Initial Portable Performance of `AoSoA` and `parallel_for`

A preliminary analysis of the work in !7 (merged) has been performed to understand the effects on initial parallel loop constructs. The driver code can be found https://code.ornl.gov/CoPA/Cabana/blob/30062fd7b80547b460161b44cd87123c03212a7b/core/example/cuda_perf_test.cpp

The following system was used for this assessment:

Memory - 62.9 GiB
Processor - Intel Core i7-4930K CPU @ 3.40GHz x 12

And here is the output of the NVIDIA device query:

/usr/local/cuda-9.0/samples/1_Utilities/deviceQuery/deviceQuery Starting...

 CUDA Device Query (Runtime API) version (CUDART static linking)

Detected 1 CUDA Capable device(s)

Device 0: "GeForce GTX 770"
  CUDA Driver Version / Runtime Version          9.1 / 9.0
  CUDA Capability Major/Minor version number:    3.0
  Total amount of global memory:                 4035 MBytes (4231200768 bytes)
  ( 8) Multiprocessors, (192) CUDA Cores/MP:     1536 CUDA Cores
  GPU Max Clock rate:                            1189 MHz (1.19 GHz)
  Memory Clock rate:                             3505 Mhz
  Memory Bus Width:                              256-bit
  L2 Cache Size:                                 524288 bytes
  Maximum Texture Dimension Size (x,y,z)         1D=(65536), 2D=(65536, 65536), 3D=(4096, 4096, 4096)
  Maximum Layered 1D Texture Size, (num) layers  1D=(16384), 2048 layers
  Maximum Layered 2D Texture Size, (num) layers  2D=(16384, 16384), 2048 layers
  Total amount of constant memory:               65536 bytes
  Total amount of shared memory per block:       49152 bytes
  Total number of registers available per block: 65536
  Warp size:                                     32
  Maximum number of threads per multiprocessor:  2048
  Maximum number of threads per block:           1024
  Max dimension size of a thread block (x,y,z): (1024, 1024, 64)
  Max dimension size of a grid size    (x,y,z): (2147483647, 65535, 65535)
  Maximum memory pitch:                          2147483647 bytes
  Texture alignment:                             512 bytes
  Concurrent copy and kernel execution:          Yes with 1 copy engine(s)
  Run time limit on kernels:                     Yes
  Integrated GPU sharing Host Memory:            No
  Support host page-locked memory mapping:       Yes
  Alignment requirement for Surfaces:            Yes
  Device has ECC support:                        Disabled
  Device supports Unified Addressing (UVA):      Yes
  Supports Cooperative Kernel Launch:            No
  Supports MultiDevice Co-op Kernel Launch:      No
  Device PCI Domain ID / Bus ID / location ID:   0 / 1 / 0
  Compute Mode:
     < Default (multiple host threads can use ::cudaSetDevice() with device simultaneously) >

deviceQuery, CUDA Driver = CUDART, CUDA Driver Version = 9.1, CUDA Runtime Version = 9.0, NumDevs = 1
Result = PASS

NOTE: When looking at the performance numbers below it is important to consider that the hardware threads are possibly competing with other tasks on the machine (e.g. my email) and the GPU was also driving my display and therefore also had competition.
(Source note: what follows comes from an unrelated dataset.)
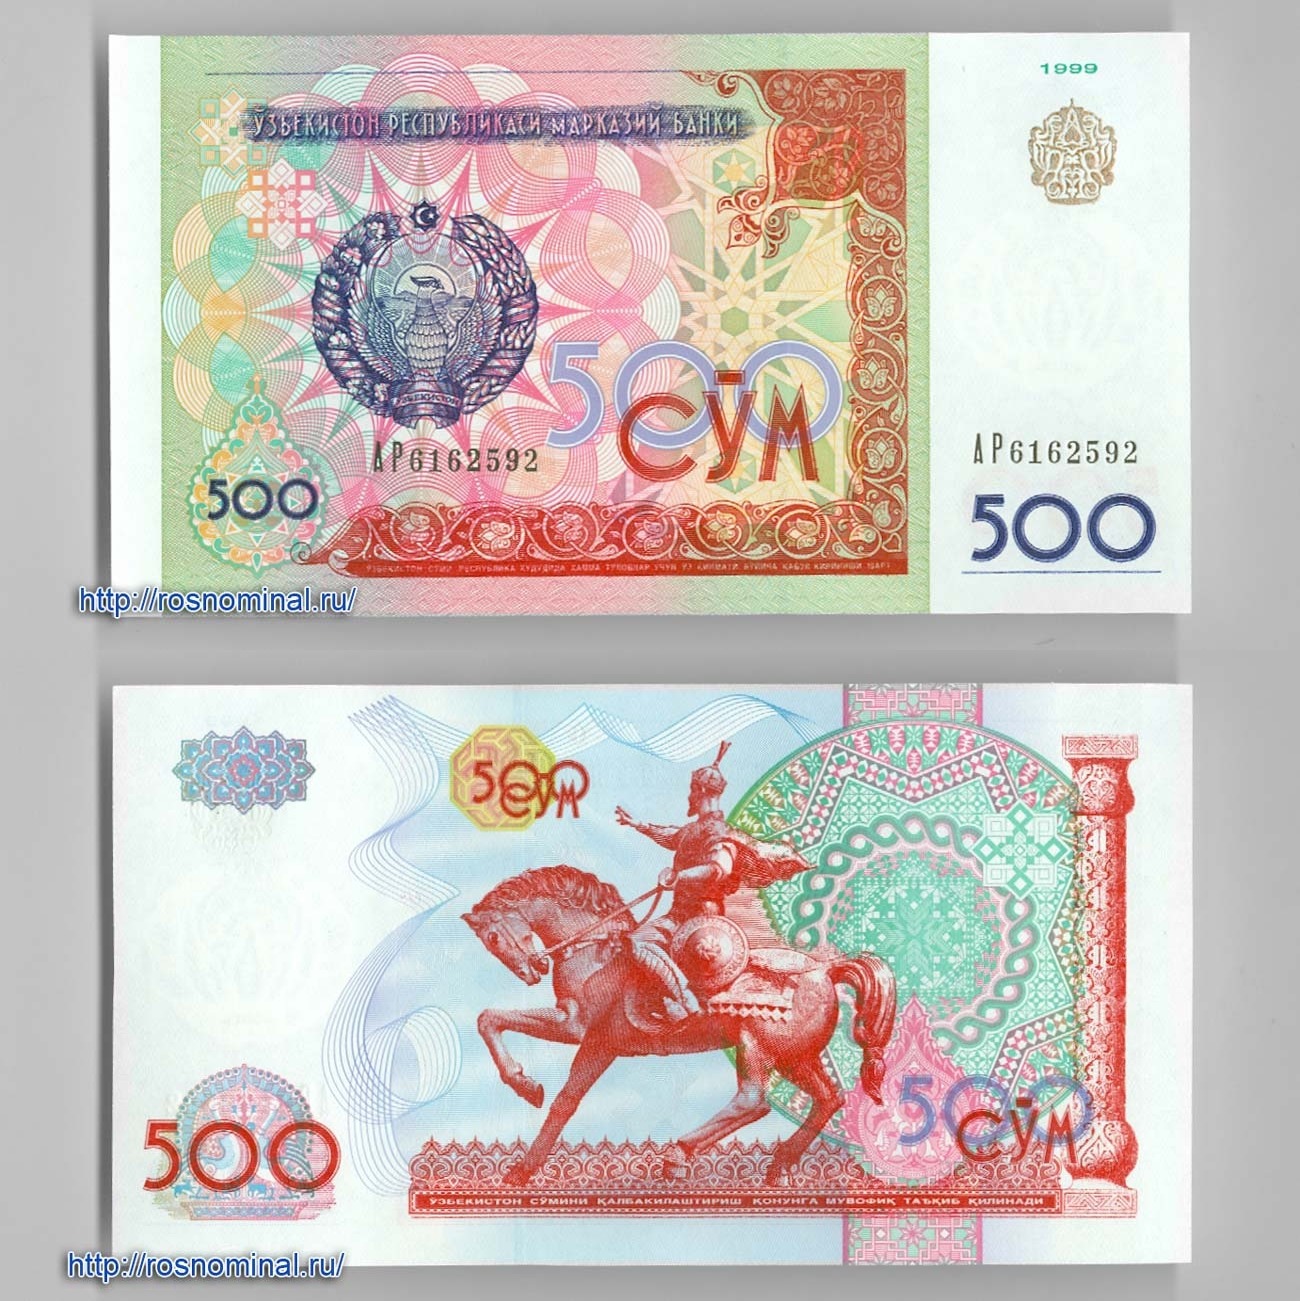 Сколько руб стоит узбекский сум. 500 Сум Узбекистан купюра. Узбекский сум банкноты500 Сумав 1994. 500 Сум купюра. Узбекистананская купюра 500 сум.
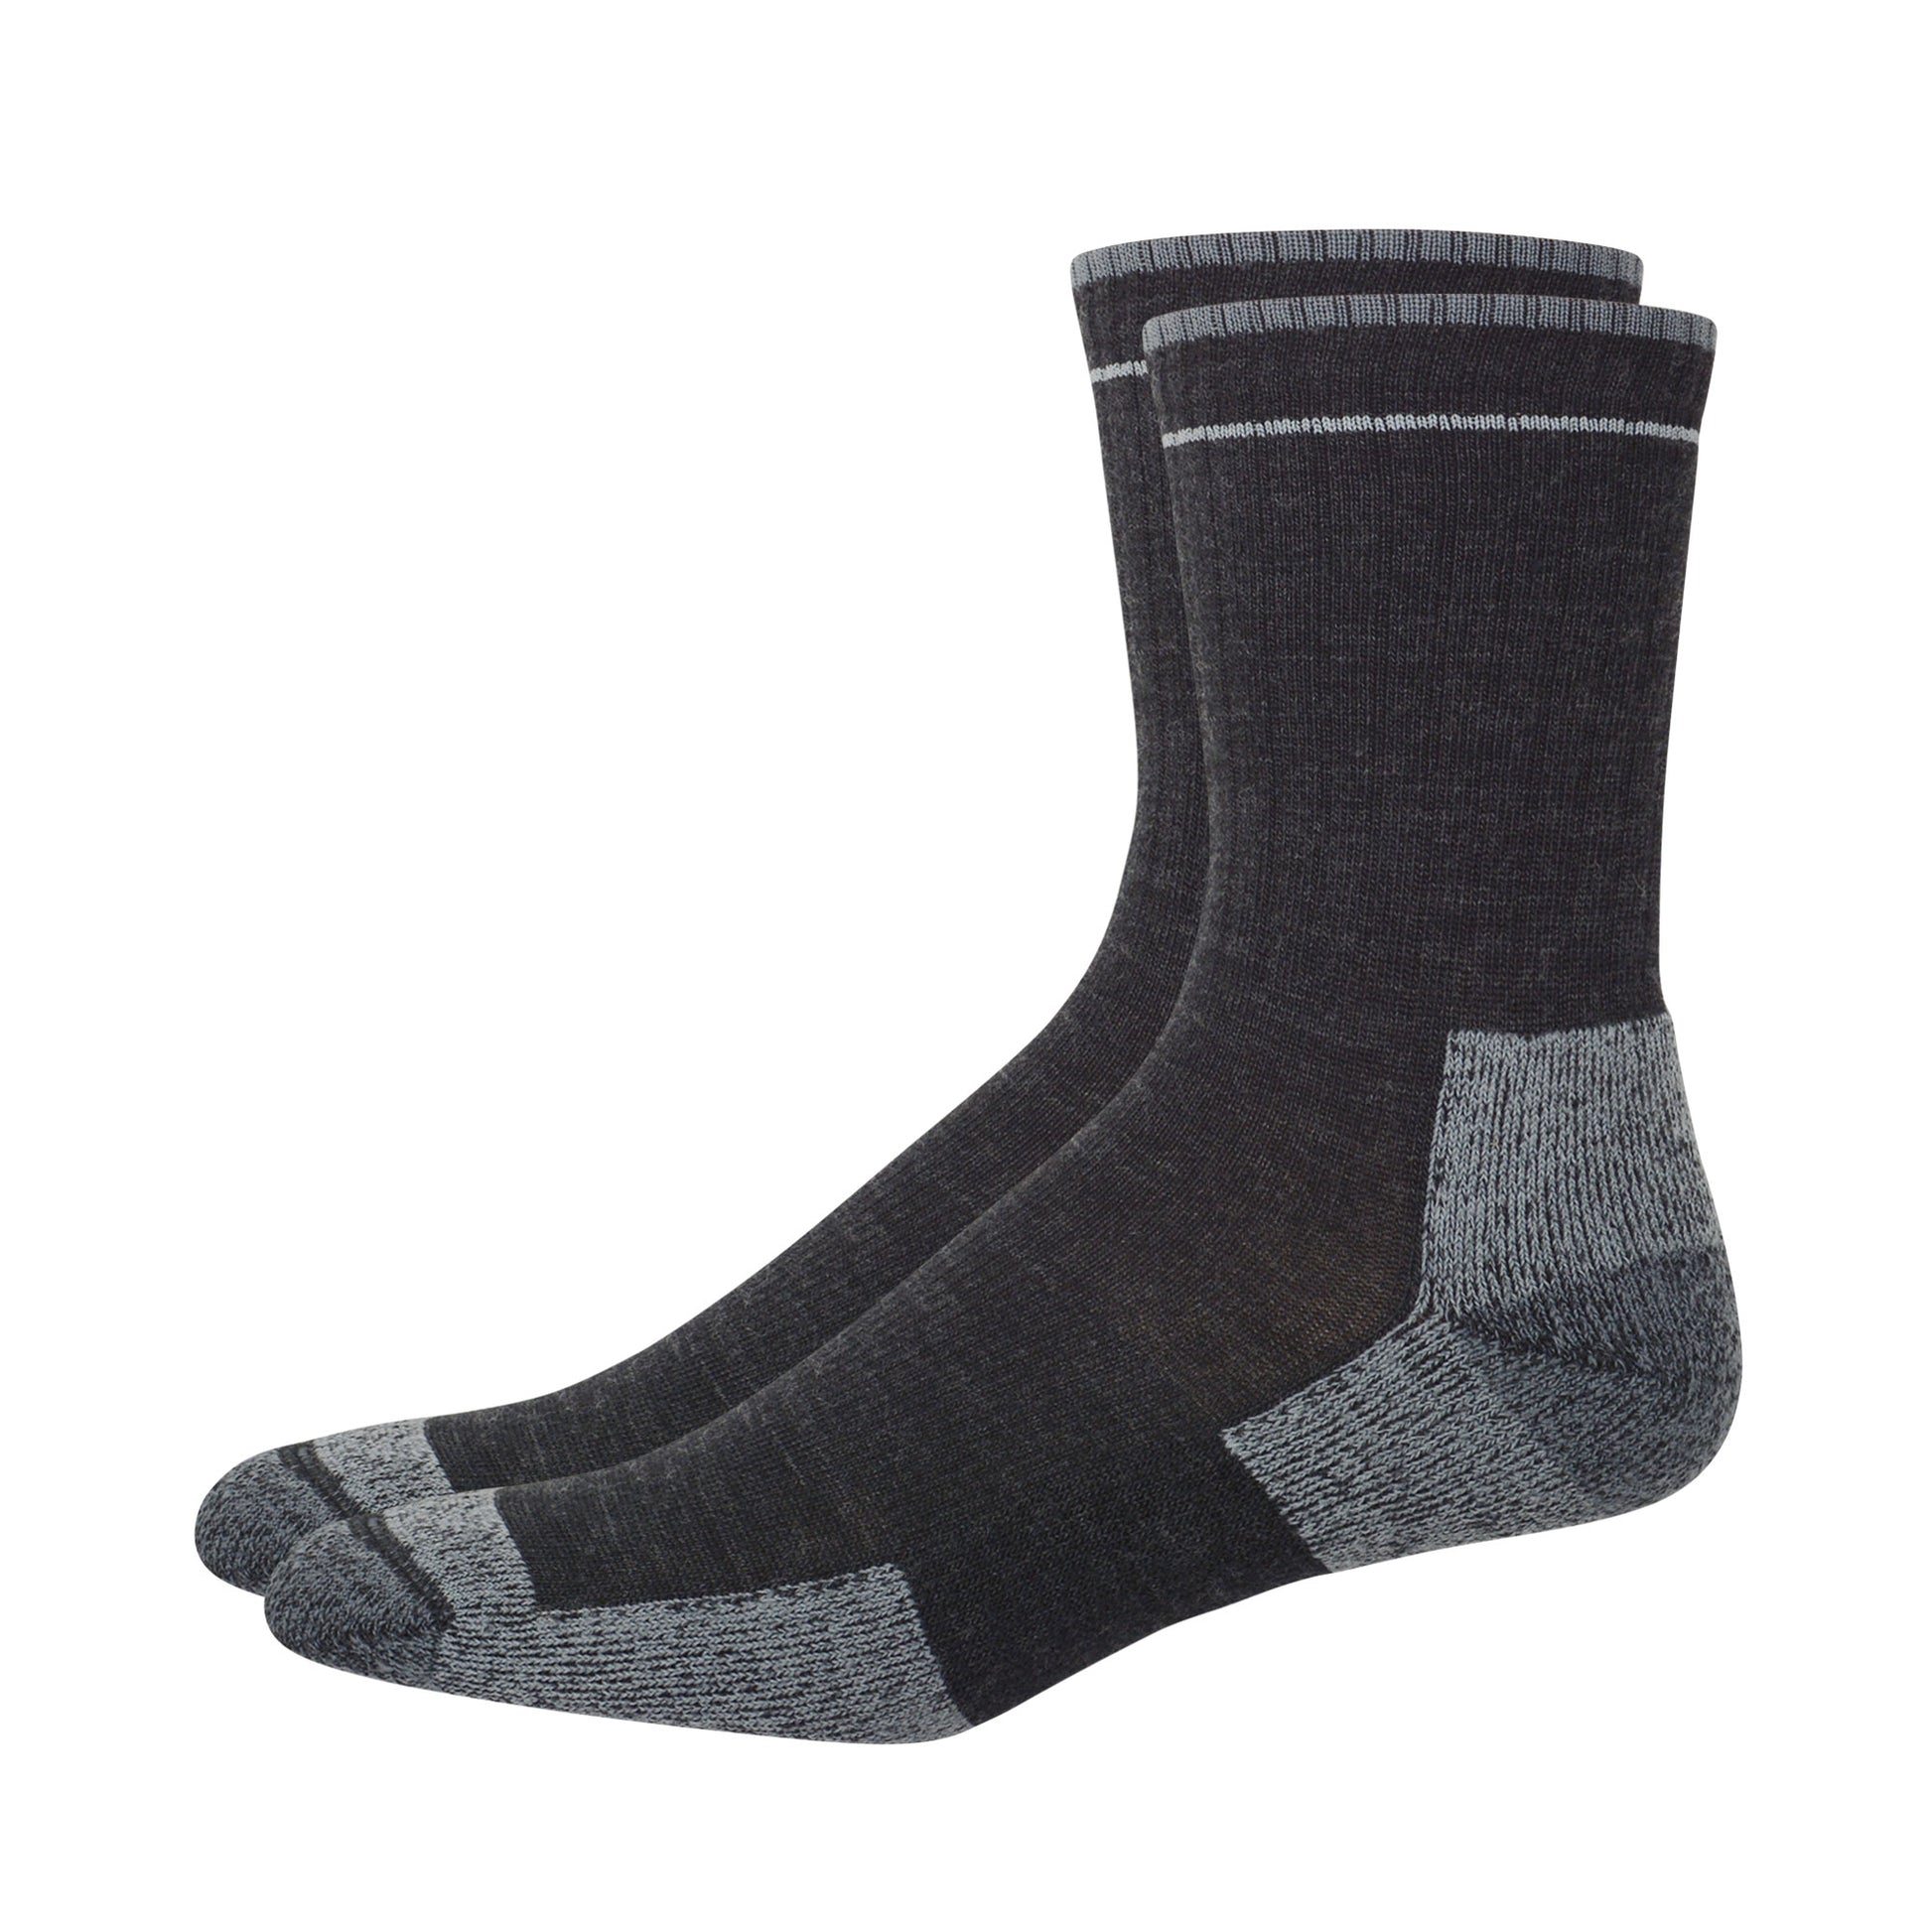 Pair of dark gray merino wool socks.

Also, when running CUDA kernels, the device is effectively "warmed up" by running the initialization kernel for the particles.

Serial, OpenMP, and CUDA results were assessed with 4 parallel loop constructs, all using native Kokkos capabilities:

StructParallel - Each struct operation is executed on an independent thread and a thread-local loop over the arrays is performed. This is the standard parallelism for Array-of-Structs
ArrayParallel - An outer loop over structs is performed and within each struct, a parallel loop over the arrays is performed. This is the standard parallelism for Struct-of-Arrays
StructAndArrayParallel Left - A 2D loop over the entire AoSoA is performed in parallel. The left-most index (struct index) moves the fastest.
StructAndArrayParallel Right - A 2D loop over the entire AoSoA is performed in parallel. The right-most index (array index) moves the fastest.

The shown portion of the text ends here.